Xmess excess I suppose.
PS please buy from me too @ www.crackpots.org.uk
Posted Saturday 20th December 2008 19:47 GMT
The NSA can, allegedly, recover data from a hard drive that has been completely overwritten seven times, so it's not unlikely data recovery labs can do this to some extent as well. This apparently has to do with the fact that writes don't perfectly align every time, so traces remain of previous writes. This is why secure delete programs will overwrite a deleted file repeatedly with zeros, ones, and random data.
Posted Saturday 20th December 2008 20:48 GMT
The data in a mobile phone are saved in a Flash memory (in very seldom case there are two on the board and/or a mobile storage device is offered) anyway - it is possible to desolder
the Flash from the board (or piece of the board), "reball"
and place into a socket to have access to the data with a proper interface.
Unless the memory is broken into two pieces, i.e. the die of the memory is broken,
it is not a problem for an average lab
Posted Saturday 20th December 2008 23:13 GMT
"Though fire damaged, all the data was recovered..."
How the hell did the *data* get fire-damaged? This whole article is a train-wreck.
Posted Monday 22nd December 2008 11:44 GMT
"The NSA can, allegedly, recover data from a hard drive that has been completely overwritten seven times, so it's not unlikely data recovery labs can do this to some extent as well. This apparently has to do with the fact that writes don't perfectly align every time, so traces remain of previous writes. This is why secure delete programs will overwrite a deleted file repeatedly with zeros, ones, and random data."
It's mostly a legend methink. As I said, given the area density of drives these days, you'd need a very powerful SEM (scanning electron microscope) and a huge amount of time, especially as you have no way of knowing the order of the non-overlapping bits (i.e. which is older than which) so you have no idea of which bit goes with which. I strongly doubt the NSA can do that (but they wouldn't tell anyway, would they?) and I am almost 100% sure that no commercial data recovery company can either. The "overwrite 7 times" is a better-safe-than-sorry policy (similar to the "no liquid on planes" one). It does serve well as a pitch for *hem* "secure delete" software salesdroids.
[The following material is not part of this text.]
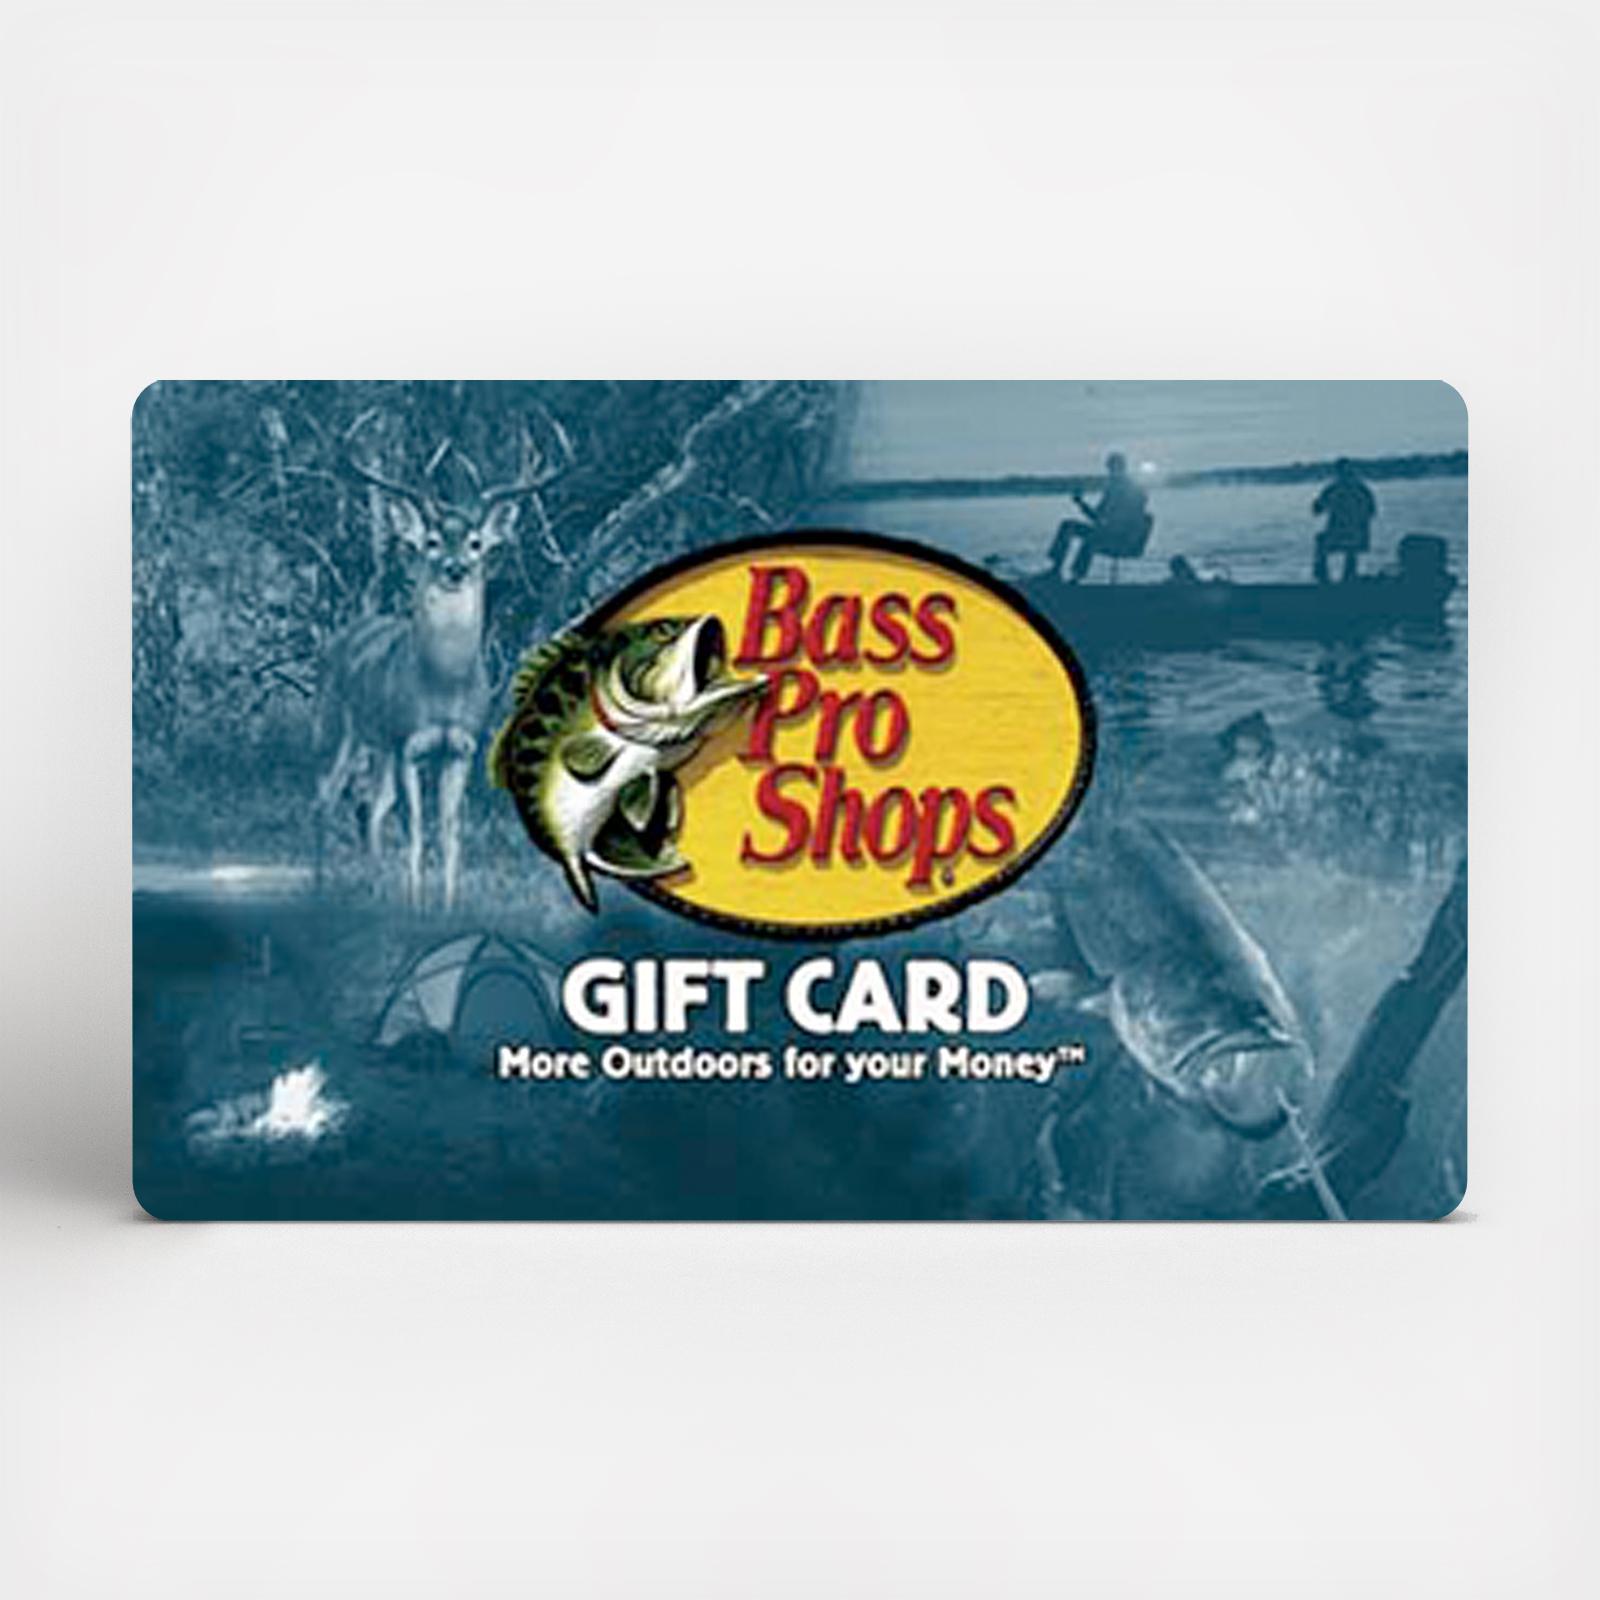  Bass Pro Shops Gift Card : Gift Cards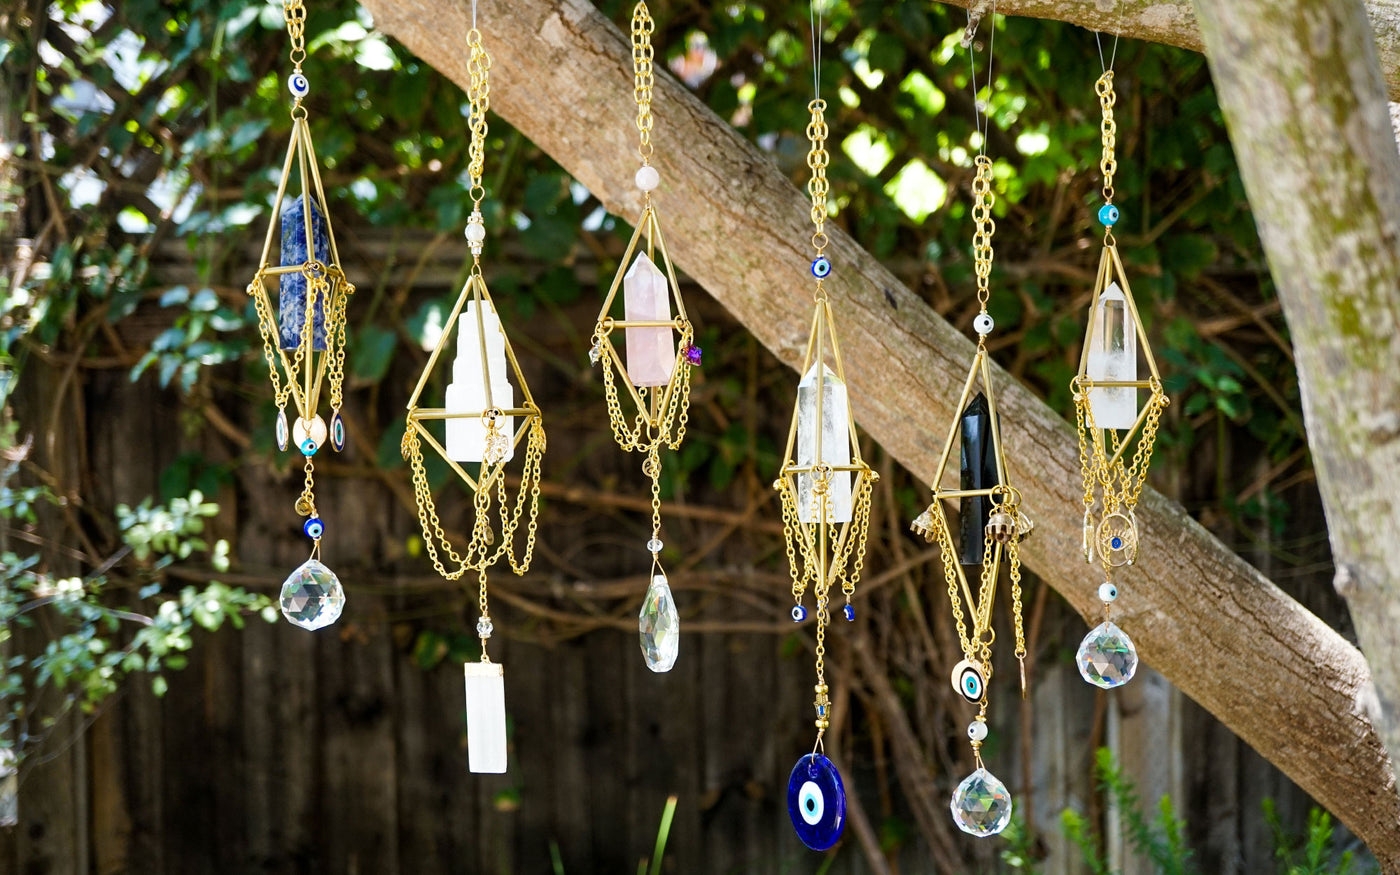 Group of 5 gold draped chain natural crystal chandeliers hanging on branch of a tree outside by Energy Muse

Posted Monday 22nd December 2008 11:44 GMT
If you feed /dev/random or /dev/zero to dd, you replace all the bits with pseudo-random data or zeroes. But what happens if you use /dev/null instead? do you create billions of tightly packed tiny black holes? Can they destroy the planet? Is the NAS able to read the blackholes to retrieve your data?
Posted Monday 22nd December 2008 11:44 GMT
"How the hell did the *data* get fire-damaged?"
The 0s and 1s handed back to the customer were all black and smelt like burnt electrons. But they were fully functional.
Posted Monday 22nd December 2008 11:44 GMT
"PS please buy from me too @ www.crackpots.org.uk"
Funny. Some guy in Lewisham needs more bandwidth now.
Posted Monday 22nd December 2008 11:46 GMT
You don't need fancy degaussers, just a set of Torx screwdrivers. Open the case (usually T9 screws, IIRC, a few are hidden under labels) and remove the platters from the spindle. Take one of the powerful magnets that control the motion of the armature and wipe it across the platters. That will re-align the magnetic fields nicely. Then give it a good scrubbing with #4 steel wool, which will do horrors to the platter surfaces.
Incidentally, the platters are extremely flat and nearly perfect mirrors, which makes them useful in optics experiments. I've bounced lasers off them and been unable to see where the beam hits the surface - there's no light scattering.
Posted Monday 22nd December 2008 15:13 GMT
I always preferred to use /dev/urandom (although obviously this can be distro-dependant - I'm a gentoo man). /dev/random attempts to be closer to 'true' random (if there is such a thing) by seeding from mouse movement, keypresses etc. Unless the machine is being actively used it runs out of numbers pretty quickly, and even when under heavy use it's unlikely you'll be able to get enough numbers generated to overwrite even a small HDD. When it runs out of numbers your process just stalls until some new ones are generated.